Note 2 to entry: The concept can be also applied to existing products through redesign.
3.1.5
circularity
alignment with the principles of a circular economy
Note 1 to entry: Can refer to an organization, system, product, part or material.
Note 2 to entry: The principles of a circular economy [31] include: (i) eliminate waste and pollution; (ii) circulate products and
materials at their highest value; and (iii) regenerate nature.
[SOURCE: IEC 60050-193:2024 (IEV 193-01-03)]
3.1.6
function
effect of a product or one of its constituents
[SOURCE: EN 16271:2012, 3.8]
3.1.7
functionality
ability to deliver intended functions
3.1.8
material efficiency
degree of performance in relation to the materials used
Note 1 to entry: Materials used can refer to materials utilized consumed or both.
Note 2 to entry: Materials used can refer to both production and utilization stage.
Note 3 to entry: Performance includes satisfaction of the needs in relation to product function, product durability and recovery
at end of life.
[SOURCE: IEC 60050-193:2024 (IEV 193-01-09), modified — Figure and note 4 were removed]
3.1.9
performance
effectiveness with which an intended function is carried out
[SOURCE: IEC 61226:2020, 3.16, modified — Examples were removed]
3.1.10
value
gains from satisfying needs and expectations, in relation to the resources used
EXAMPLE: Revenues, savings, productivity, sustainability, satisfaction, empowerment, engagement, experience, trust.
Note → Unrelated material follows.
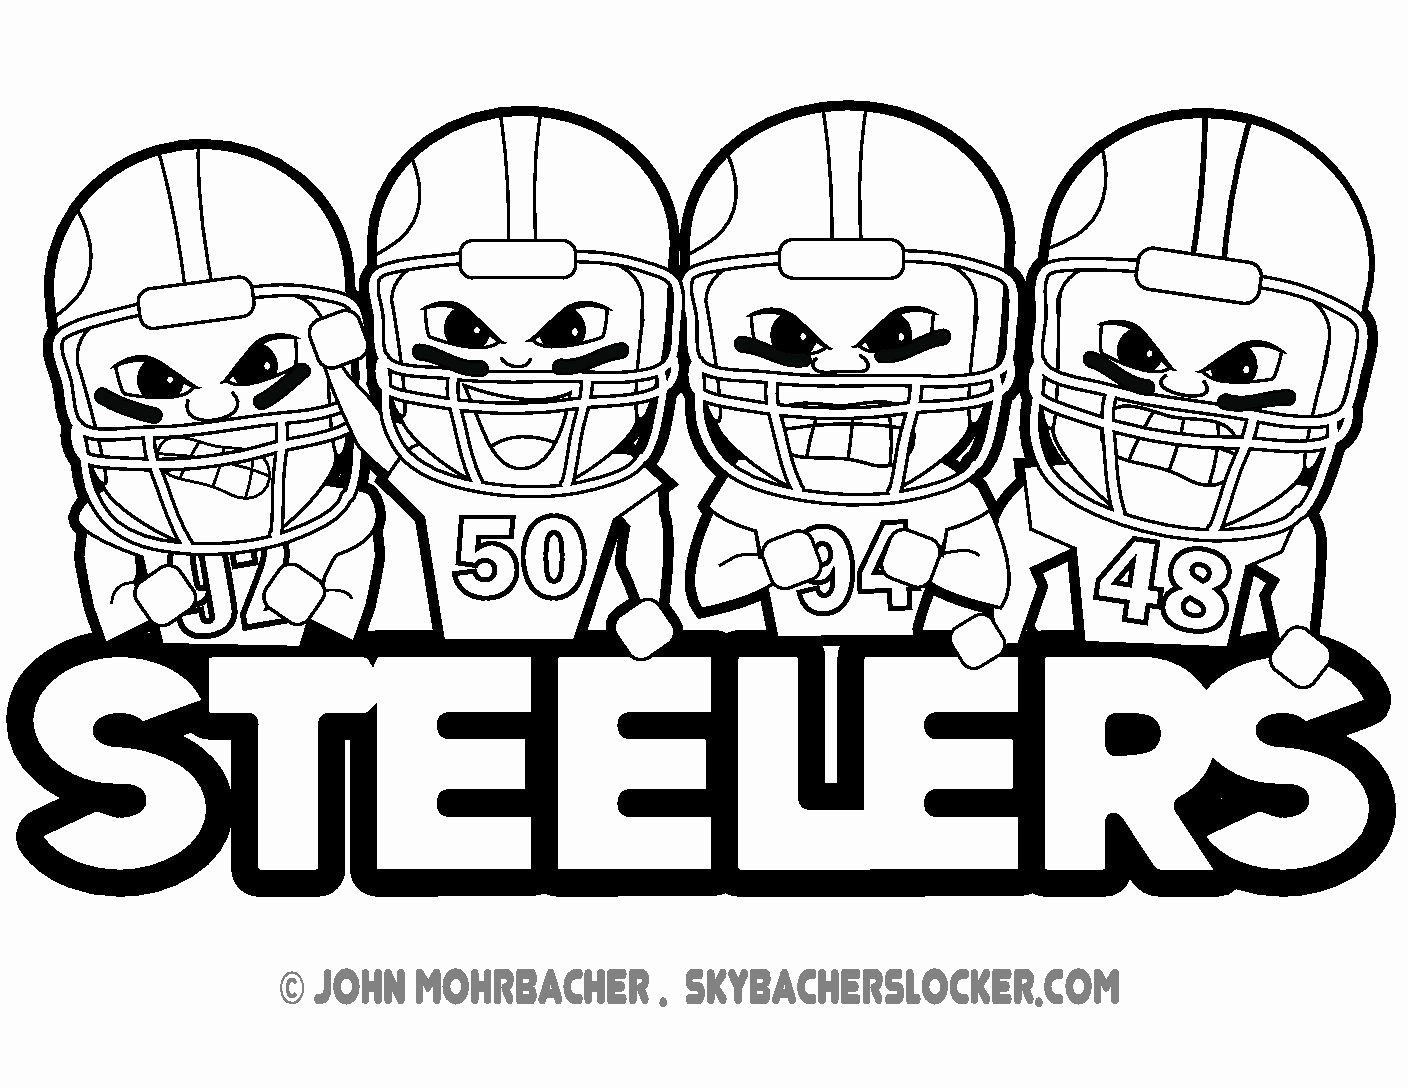 steelers-sketch-at-paintingvalley-explore-collection-of-steelers-sketch

Note 1 to entry: Value is relative to, and determined by the perception of, the organization and interested parties.
Note 2 to entry: Value can be financial or non-financial.
Note 3 to entry: Value can be created, realized, acquired, redistributed, shared, lost, or destroyed.
Note 4 to entry: The value of an entity is generally determined in terms of the amount of other entities for which it can be
exchanged.
Note 5 to entry: The word “value” sometimes refers to a (numerical) unit of data, e.g. the output from measurement and
“values” sometimes refers to principles or standards of behaviour, e.g. included in the concept of culture. When “value” is
used in these senses, it should always be used with some form of qualifier, e.g. “numerical value” or the meaning should be
obvious from the context.
Note 6 to entry: When a process is inefficient, the amount of resources used can exceed the amount of resources required.
Note 7 to entry: The formula below illustrates that value is proportional to satisfaction of needs in relation to resources used:
satisfaction of the needs
value∝
resources used
[SOURCE: ISO 56000:2020, 3.7.6, modified — Notes 6 and 7 to entry have been added]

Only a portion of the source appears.